HIV-positive patients coinfected with hepatitis C virus (HCV) should be given up to 18 months of anti-HCV therapy (rather than the standard six months), to prevent a high rate of relapse, according to Spanish research presented to the 43rd Interscience Conference on Antimicrobial Agents and Chemotherapy in Chicago on September 16th. Investigators stress, however, that because of the risk of unpleasant side-effects, additional therapy should only be considered for individuals who show an early response to treatment and that patients who are not responding to treatment after twelve weeks should stop anti-HCV therapy early.
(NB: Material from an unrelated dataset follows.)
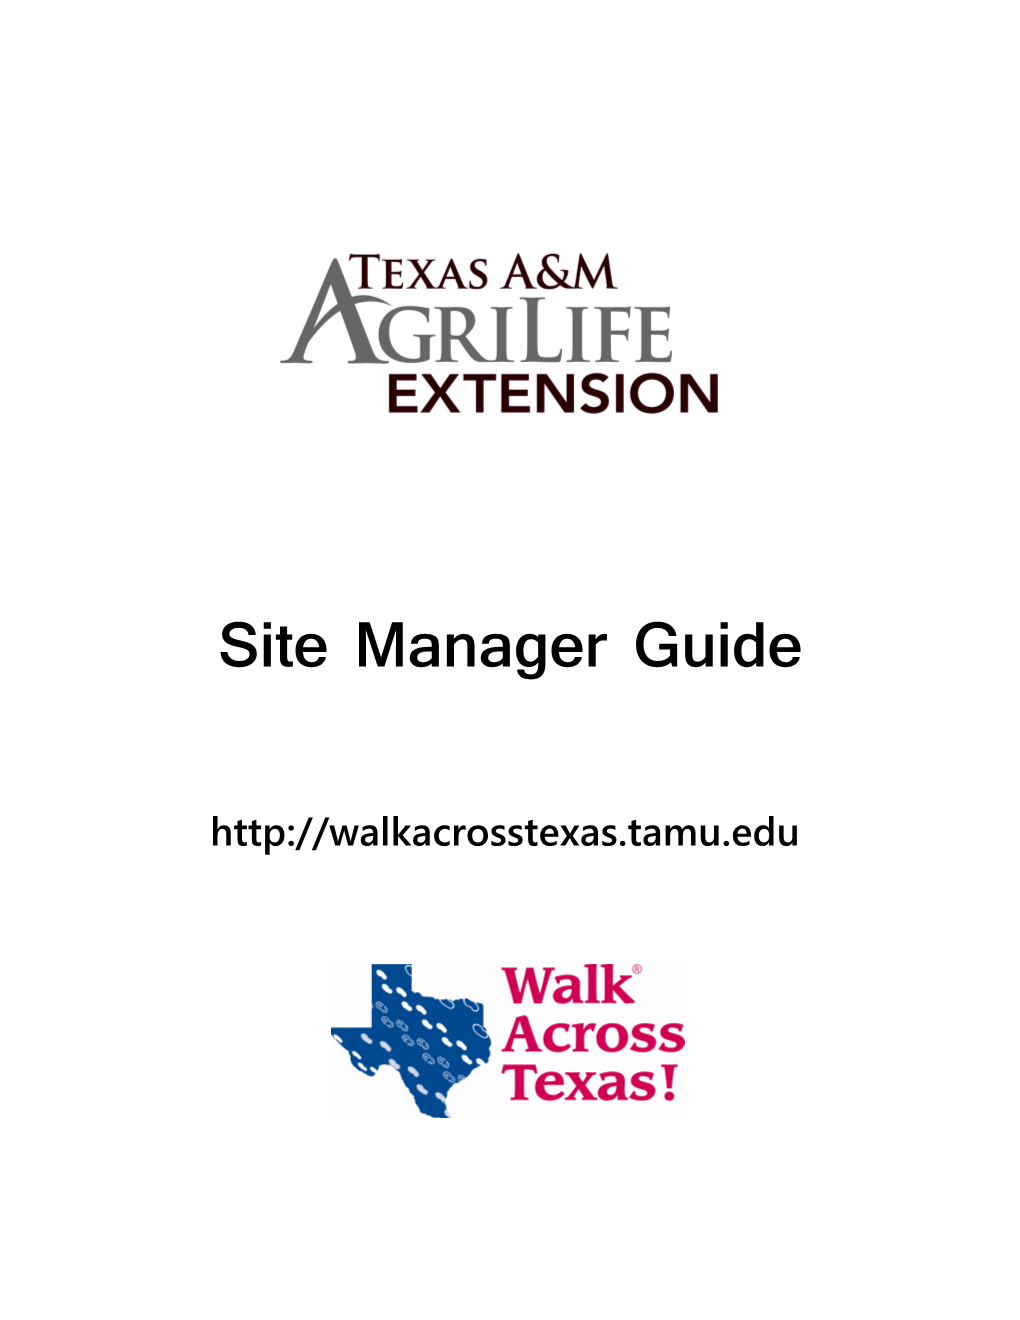 Walk Across Texas! Site Manager Guide

Investigators led by Vincent Soriano of Instituto de Salud Carlos III, Madrid, conducted an analysis of the records of 89 HIV-HCV coinfected patients who completed six months of anti-HCV therapy consisting of pegylated interferon and ribavirin. A reduction in hepatitis C viral load of over two logs was seen in 58% of patients after twelve weeks of therapy. However, only 56% of these individuals achieved a sustained virological response (HCV PCR- negative six months after completing six months of anti-HCV treatment). None of the patients who achieved a sustained virological response had seen a drop in their HCV viral load of less than two logs by week twelve of therapy.
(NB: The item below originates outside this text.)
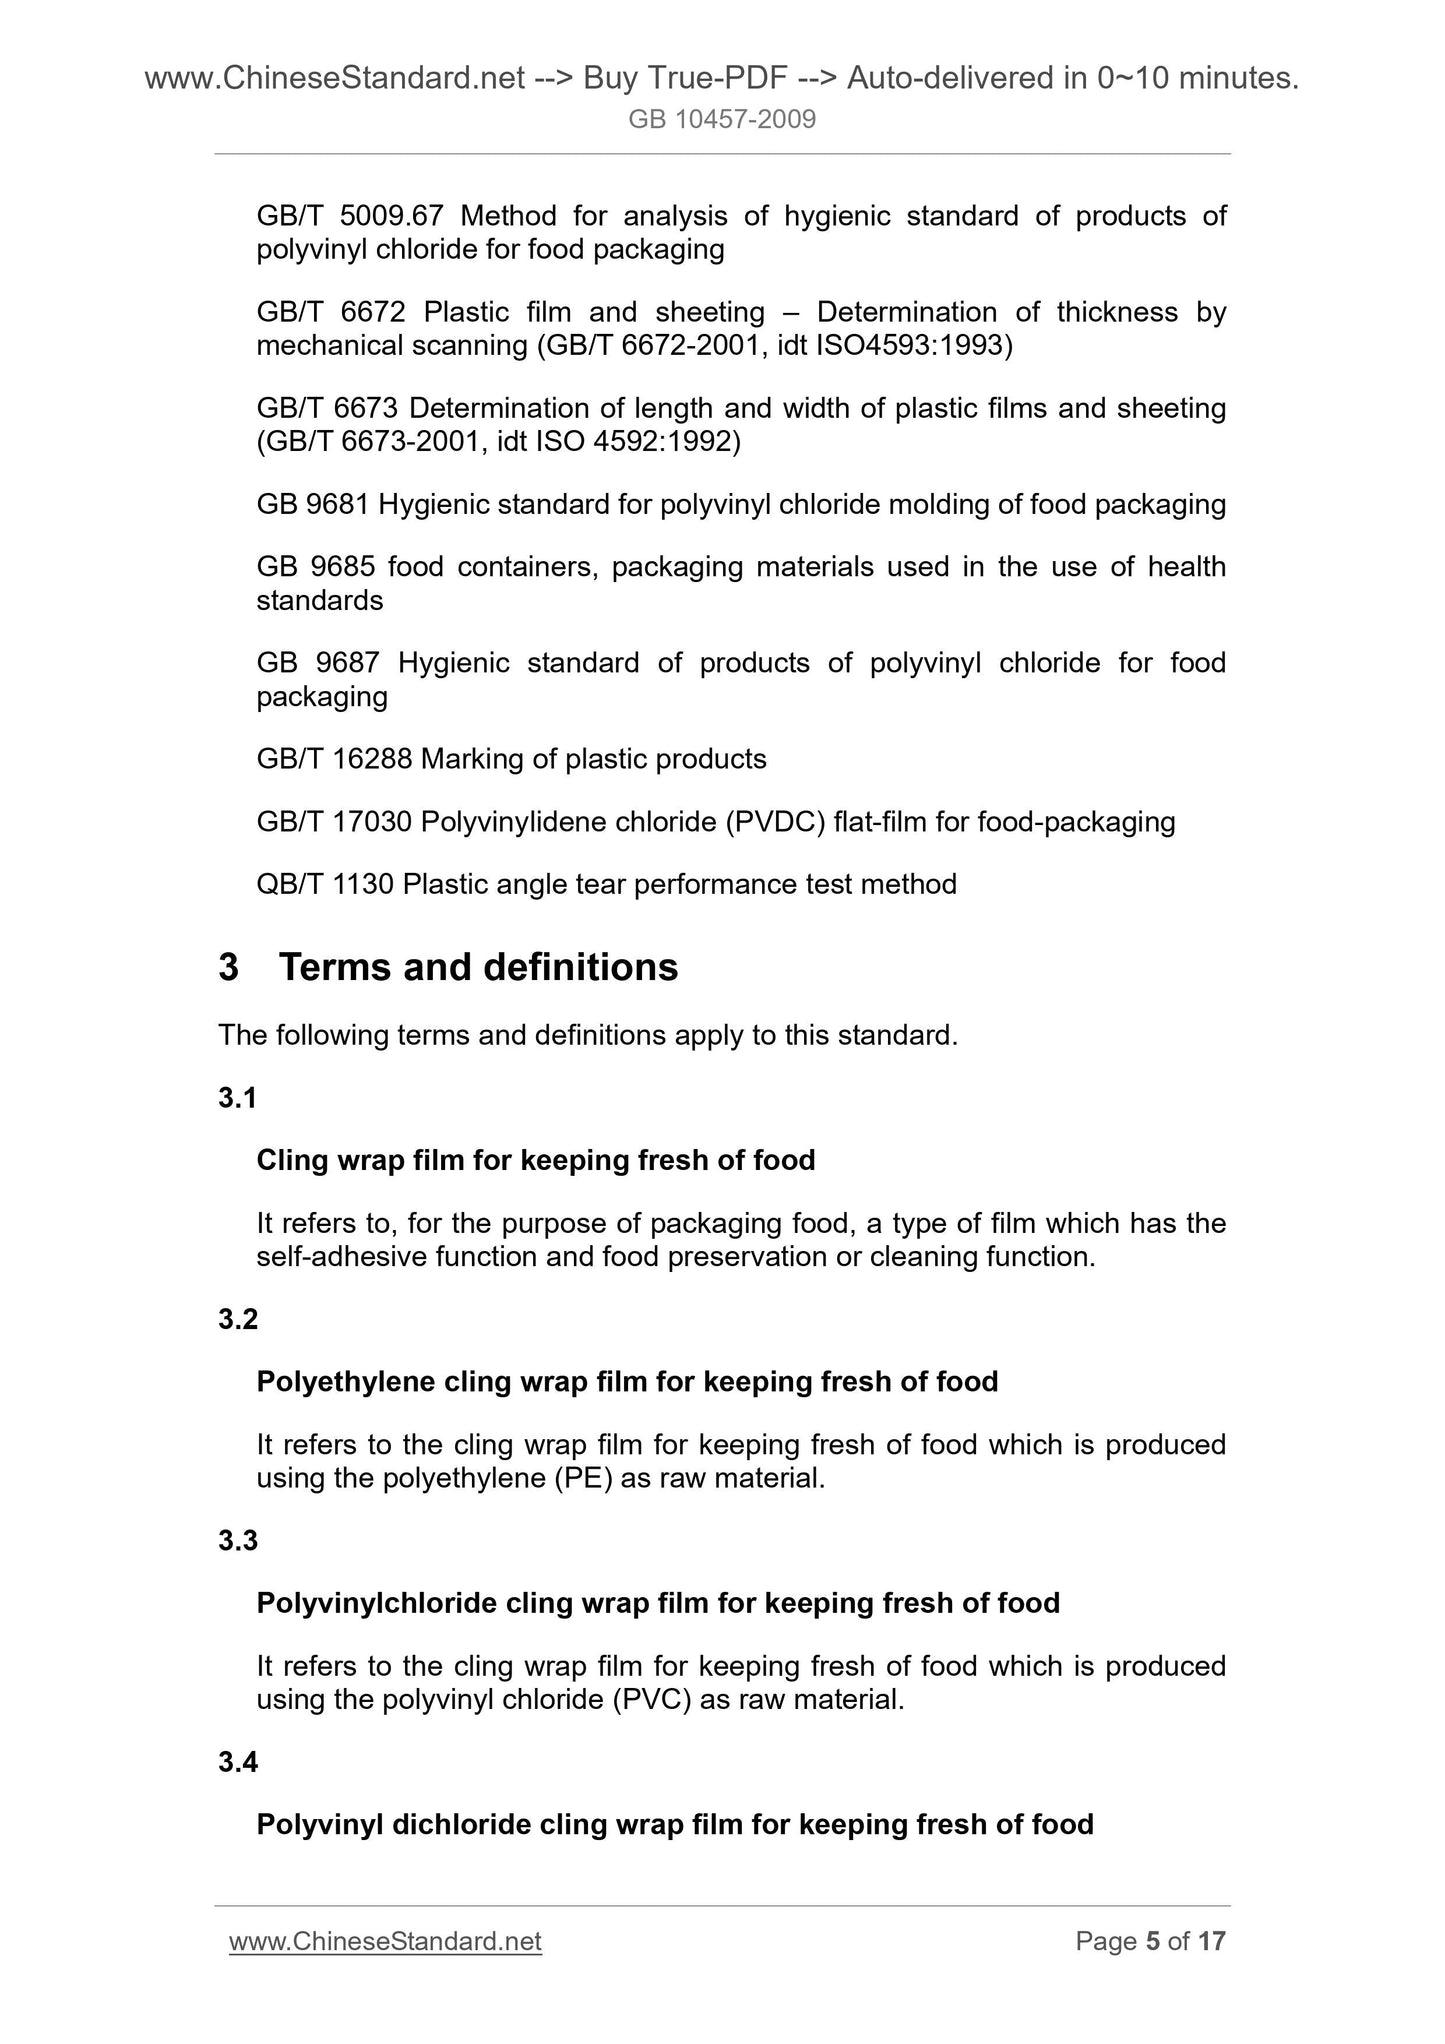 GB 10457-2009 Page 5

Relapses were seen in a third of patients who completed treatment, and response to treatment was not determined by the HCV genotype which a patient was infected with. Individuals infected with the genotypes which normally show the best response to therapy (genotypes 2 and 3) were just as likely to relapse as those with genotypes 1/4, which respond less well to treatment.
The investigators believe that these findings have important implications for HCV treatment strategies in HIV-positive patients.
The success of anti-HCV therapy should be assessed, the investigators recommend, after twelve weeks. If an individual has failed to achieve a reduction in their HCV viral load of at least two logs at this time, then HCV therapy should be discontinued given the high incidence of side-effects and poor likelihood of the patient achieving a sustained virological response. This approach is already widely favoured.
In patients who do respond to treatment, the subsequent relapse rate is high. Because of this, consideration should be given to extending the length of therapy from the six months normally used to twelve months for patients with genotypes 2/3, and twelve to 18 months for patients infected with genotypes 1/4.
Soriano V et al. Clinical implications of the slower clearance of HCV-RNA under interferon plus ribavirin in patients with HIV and hepatitis C virus 43rd ICAAC, abstract H-1718, Chicago, September 14 - 17th, 2003.